Przyciskając do siebie poduszkę płakałam. Czułam, że już mu na mnie nie zależy. Oddałam mu się, a on traktuje mnie jak jakiegoś zbrodniarza. Siedziałam z podkulonymi nogami, kiedy usłyszałam ciche pukanie. Drzwi się uchyliły, a do sypialni wszedł Harry. Usiadł koło mnie i próbował przytulić. Odepchnęłam go, a on tylko na mnie spojrzał, przeniósł się na brzeg łóżka i schował twarz w dłoniach.
- Kochanie przepraszam – usłyszałam jego głos.
Spojrzałam na niego i ponownie opuściłam wzrok.
- Nie ufasz mi – powiedziałam spokojnie.
- Kotek, to nie tak, ja…
W tym momencie spojrzał na mnie, a w jego oczach pojawiły się łzy.
- Boję się, że ktoś mi cię zabierze – dokończył.
Spojrzałam na niego i mimowolnie się uśmiechnęłam.
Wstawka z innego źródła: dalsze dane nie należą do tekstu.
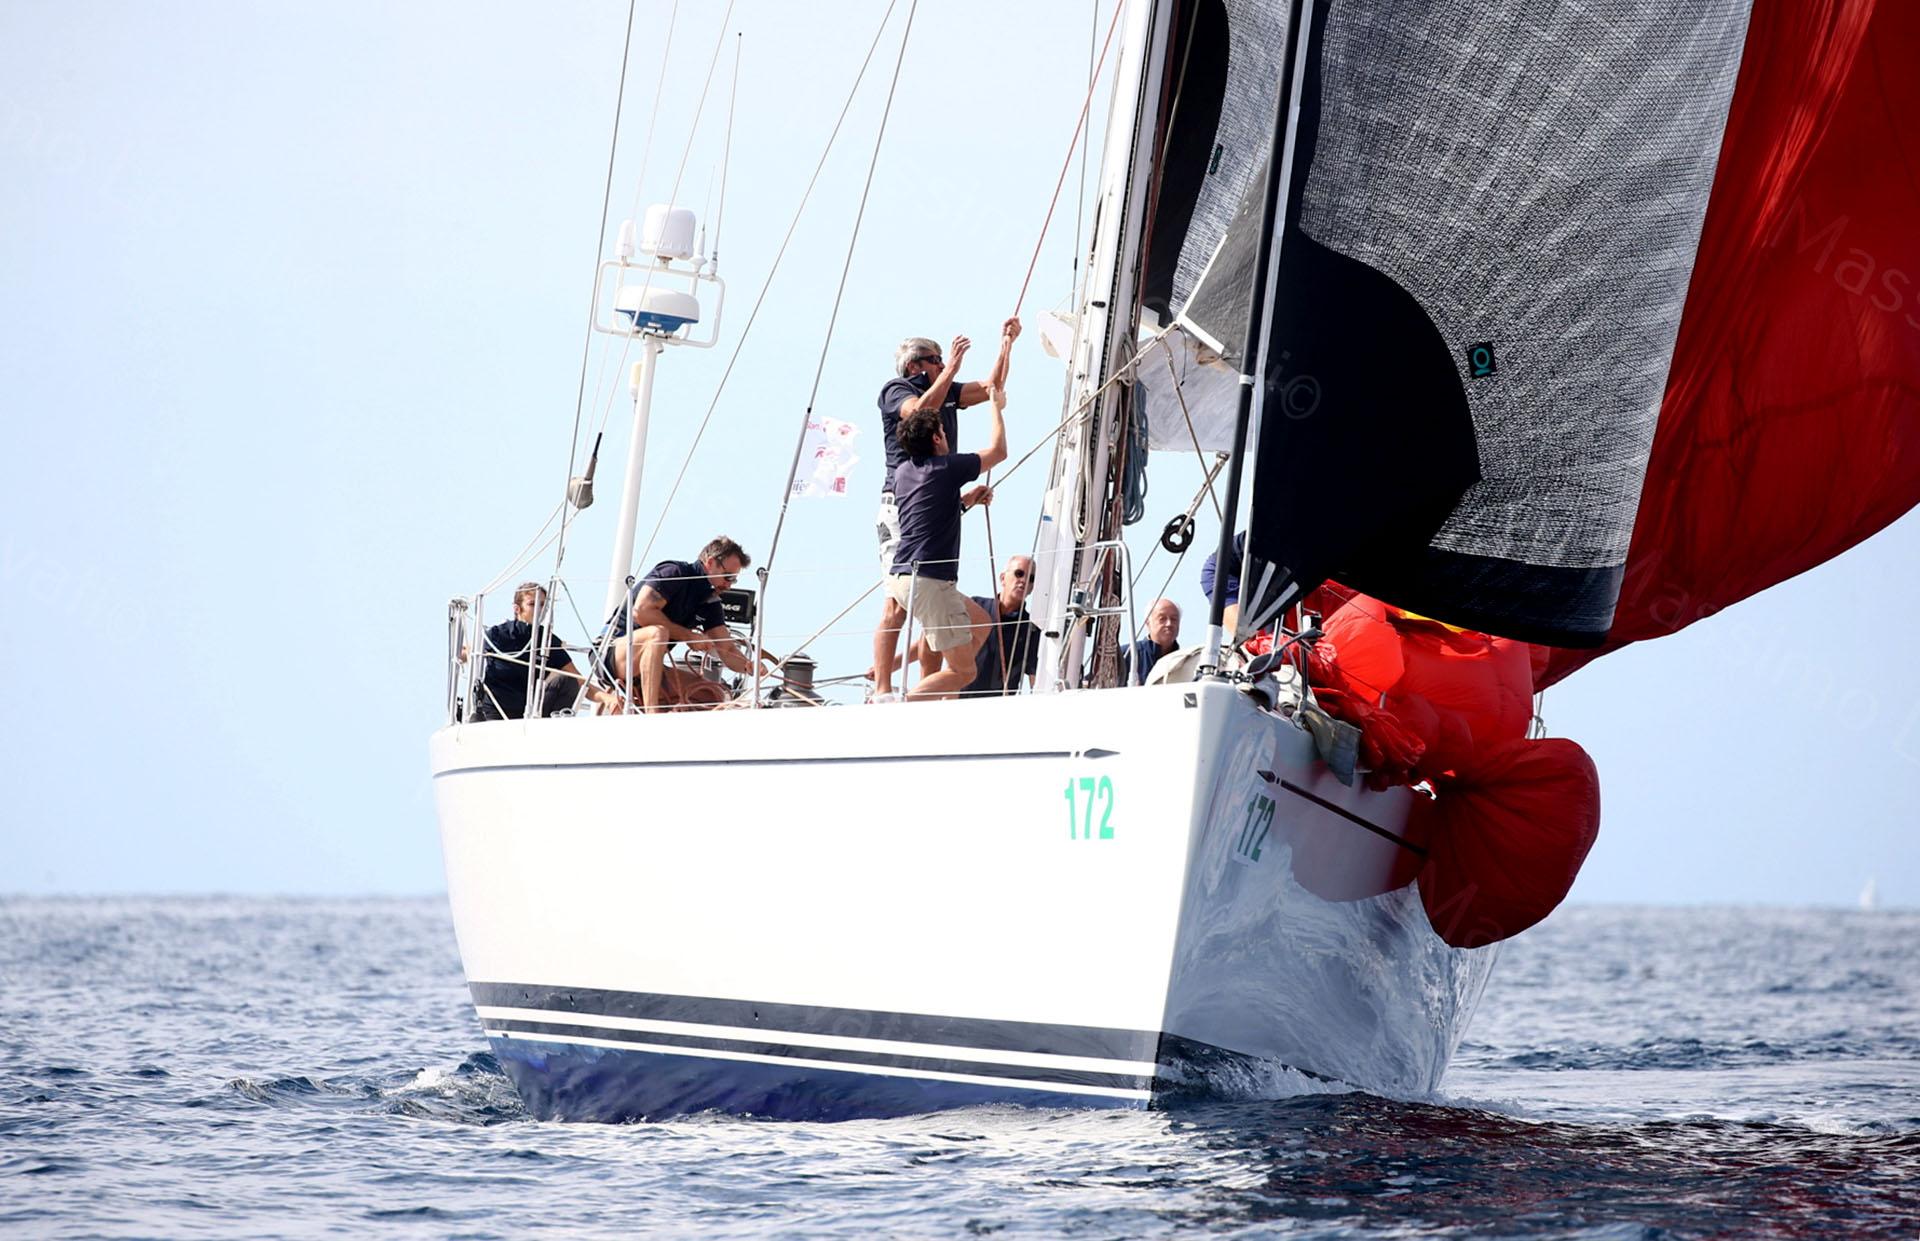 23/09/2017 Genova, Regata Millevele,nella foto manovra alle vele in prua

Bez słowa go przytuliłam i pocałowałam w policzek.
- Jesteś o mnie zazdrosny? – zapytałam nie mogąc w to uwierzyć.
Loczek złapał moje dłonie i musnął je wargami.
- Dziwisz się? Jesteś dla mnie najcenniejszym skarbem w życiu. Nie ufam tym typkom, którzy się koło ciebie kręcą. Przepraszam, trochę spanikowałem.
Usiadłam mu na kolanach i czule pocałowałam.
- Kocham cię głuptasie, nikt ci mnie nie zabierze – oznajmiłam po czym ponownie go przytuliłam.
Chłopak pocałował mnie w szyję, a ja znów mogłam zaciągnąć się jego zapachem.
- Jestem tylko twoja. A teraz obiecaj mi, że już nigdy nie będziesz odstawiał takich akcji i najpierw spróbujemy porozmawiać, jasne? – zapytałam patrząc mu prosto w oczy.
- Słowo harcerza – powiedział kładąc jedną rękę na piersi, a drugą wznosząc do góry.
- Ale przecież ty nigdy nie byłeś harcerzem – mówiłam, a na mojej twarzy pojawił się wielki uśmiech.
- Dla ciebie mogę zostać kim tylko chcesz.
Harry to najwspanialszy chłopak na świecie, a chłopcy to świetni przyjaciele. Aktualnie pracuję jako fotograf, przeprowadziłam się do Londynu, gdzie oficjalnie mieszkam z wujkiem Markiem, chociaż to dom 1D jest miejscem gdzie głównie przebywam. Jestem szczęśliwa. Czego mogę chcieć więcej? Chyba tylko tyle, byśmy nadal obdarzali się tak wielką miłością.

__________________________________________________________________________________

KONIEC
To jak podobało się? Piszcie, liczę na Was. Będzie mi bardzo miło, jeżeli dacie znać kto przeczytał całość. 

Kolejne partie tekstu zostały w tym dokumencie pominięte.